Mr. Farage’s characteristic if polarizing charisma was on display as he congratulated Sir Lindsay Hoyle, who was first elected to the role of House Speaker in 2019, on his reelection to that post. Sir Lindsay’s predecessor was John Bercow, who in winter 2019 broke with house convention by blocking the government’s attempt to bring the UK/EU Withdrawal Agreement — that is, Brexit —  to a third vote. That led some Brexiteers to accuse him of trying to block Brexit altogether. 

Mr. Farage was at the time the head of the UK Independence Party, or UKIP, and a leading architect of Britain’s exit from the EU. The accomplishment of Brexit is for now his trump card, so to speak, as he enters Parliament as a newcomer. His first remarks signaled that he will not hesitate  to play it.

Mr. Farage called Sir Lindsay  a “marked contrast to the little man that was there before you, who besmirched the office so dreadfully.” To audible gasps as well as a few groans in the House, he added that Mr. Bercow had, at least in his estimation, tried “to overturn the biggest democratic result in the history of the country.”

It was a reference to the referendum of June 23, 2016, in which a slim majority of Britons voted in favor of leaving the European Union. Mr. Farage prefaced his  remarks by telling the speaker that the five Reform MPs are “the new kids on the block.” That assessment was shared by another Reform lawmaker, Lee Anderson, who wrote on X that “the fox is in the henhouse.”

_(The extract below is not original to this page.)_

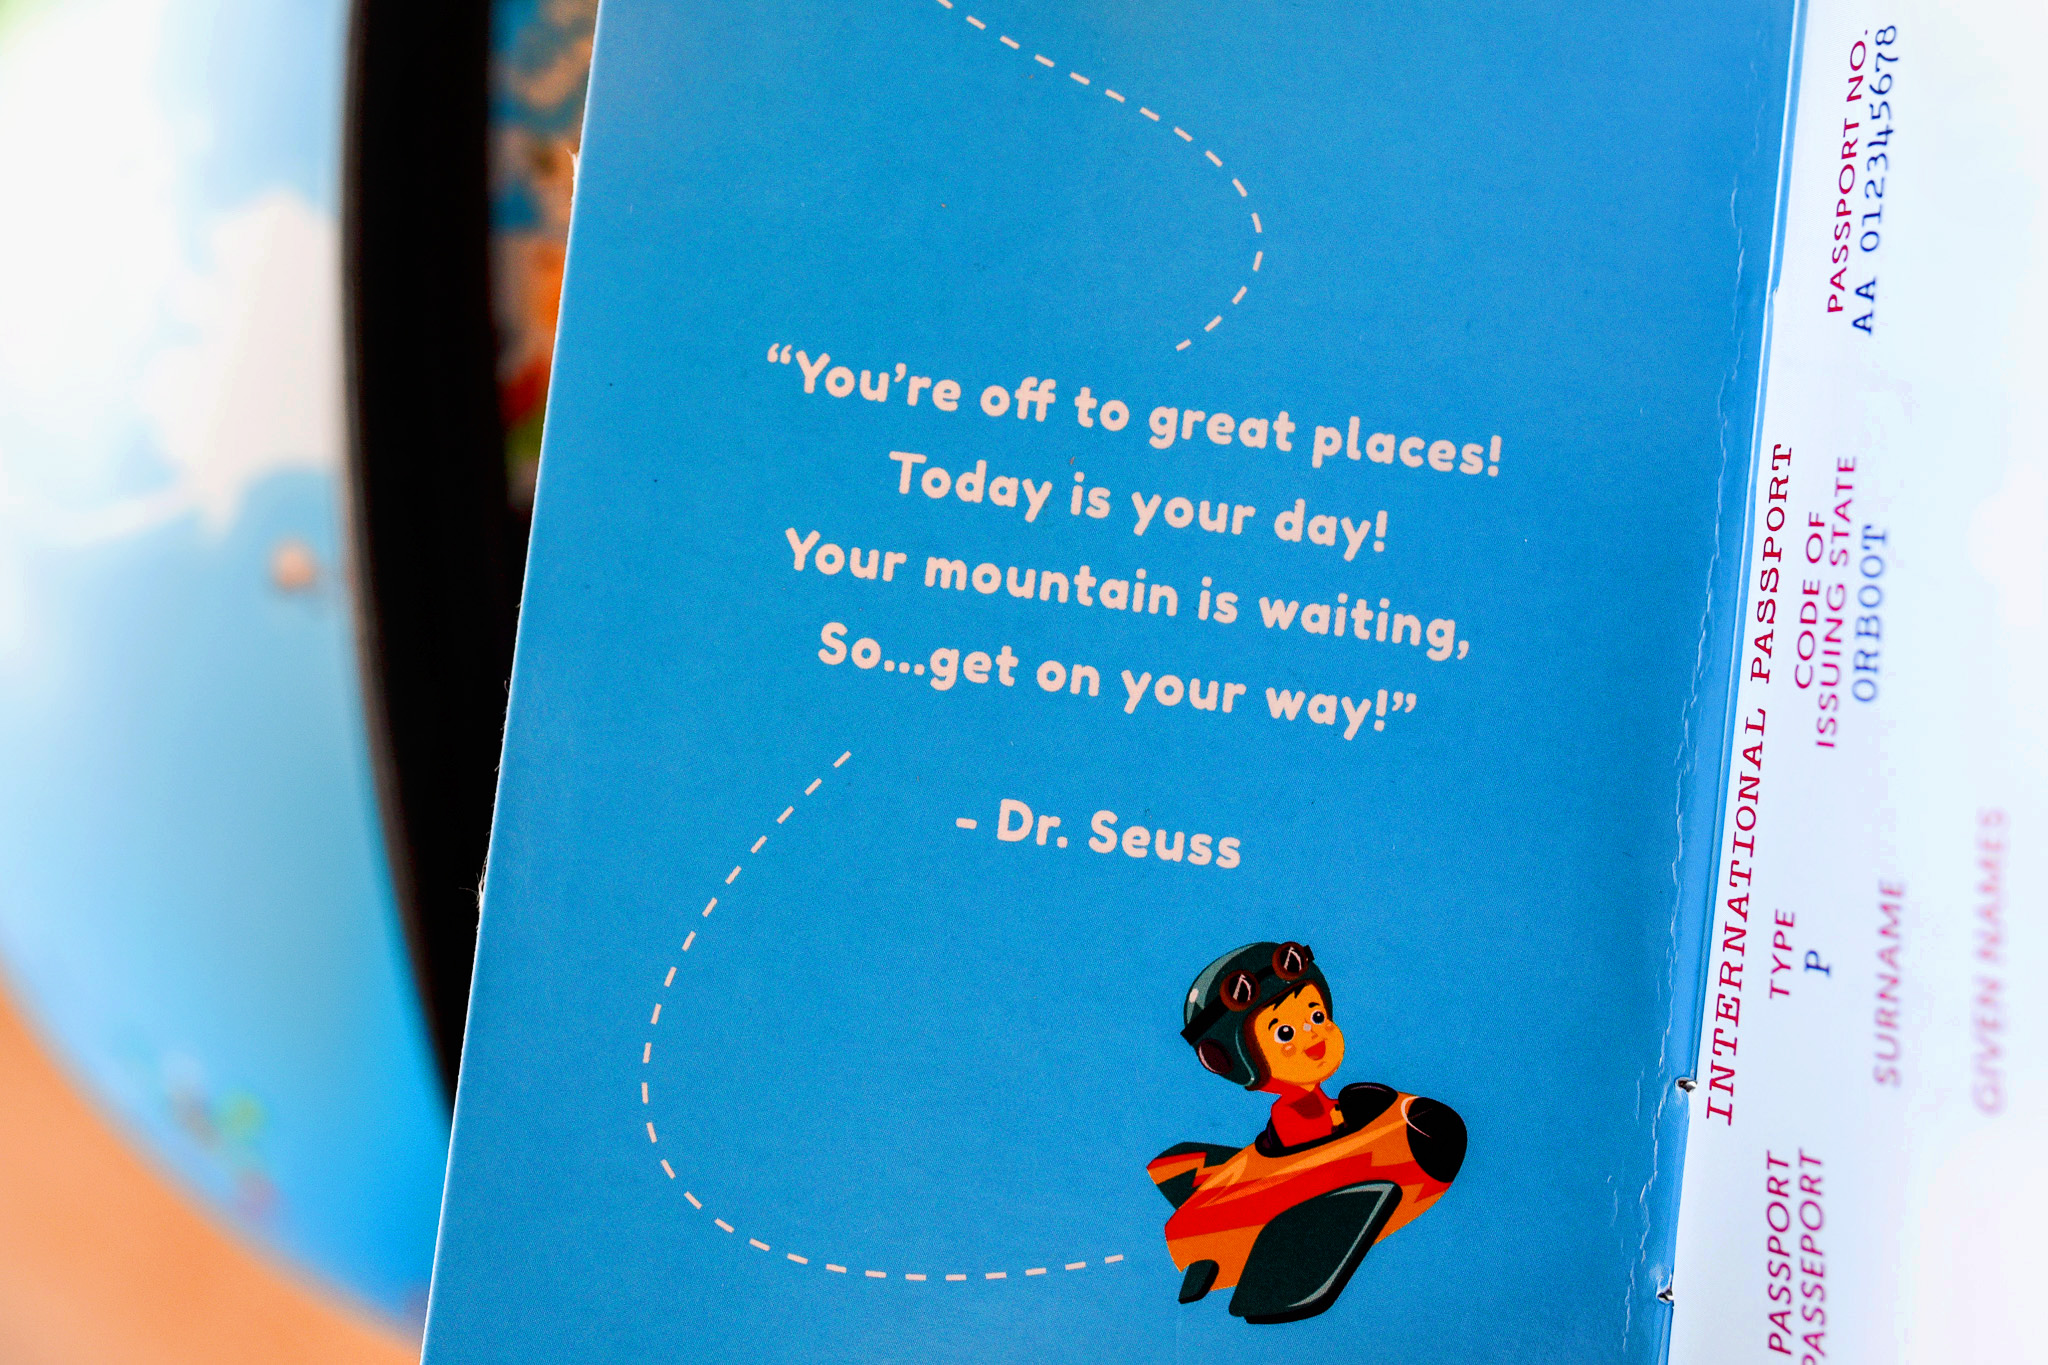 Dr Suess Quote: Reads: " You're off to great places! Today is your day! Your mountain is waiting, so, get on your way!"

Mr. Anderson, who is sometimes derided by Fleet Street as “Leeanderthal,” has been branded a Tory turncoat by some for switching in March to Reform from the Conservative party. That move might have been prescient, considering the recent Tory wipeout and stunning win for Labour that occurred in the general election on July 4.

There is no doubt that the Tories are damaged goods. Without a lot of hyperbole, the former Home Secretary,  Suella Braverman, said on Tuesday that Reform now poses an “existential threat” to a badly battered Conservative party. How battered, by the way? Consider that Tory party stalwart Jacob Rees-Mogg, having lost his seat in Parliament, is now exploring opportunities in reality television

Mr. Sunak was bereft not only of his former title and all the trappings that went along with it but, more significantly, of even the shred of a mandate — not even in opposition. Mr. Farage, on the other hand, is not only someone who has done more than either Mr. Sunak or — so far — Sir Keir to move British history forward, has shown that he will speak up and, when he deems it prudent, upset the apple carts. He has already said that he will be coming after Labour

Nobody in a newly ebullient Labour Party seems much fazed by that prospect right now; the July honeymoon is still in progress. 

Battles over things like migrant boats illegally crossing the English Channel and overhaul of the National Health Service have only just begun.

And by evoking his past achievements on day one of his new career in the House of Commons, Mr. Farage is putting Sir Keir and just about everybody else on notice that there will be no backtracking on Brexit — not, at least, on his watch in the  hallowed commons by the Thames.


Correction: Lee Anderson is the name of the Reform UK member of parliament. The name was spelled incorrectly in the bulldog.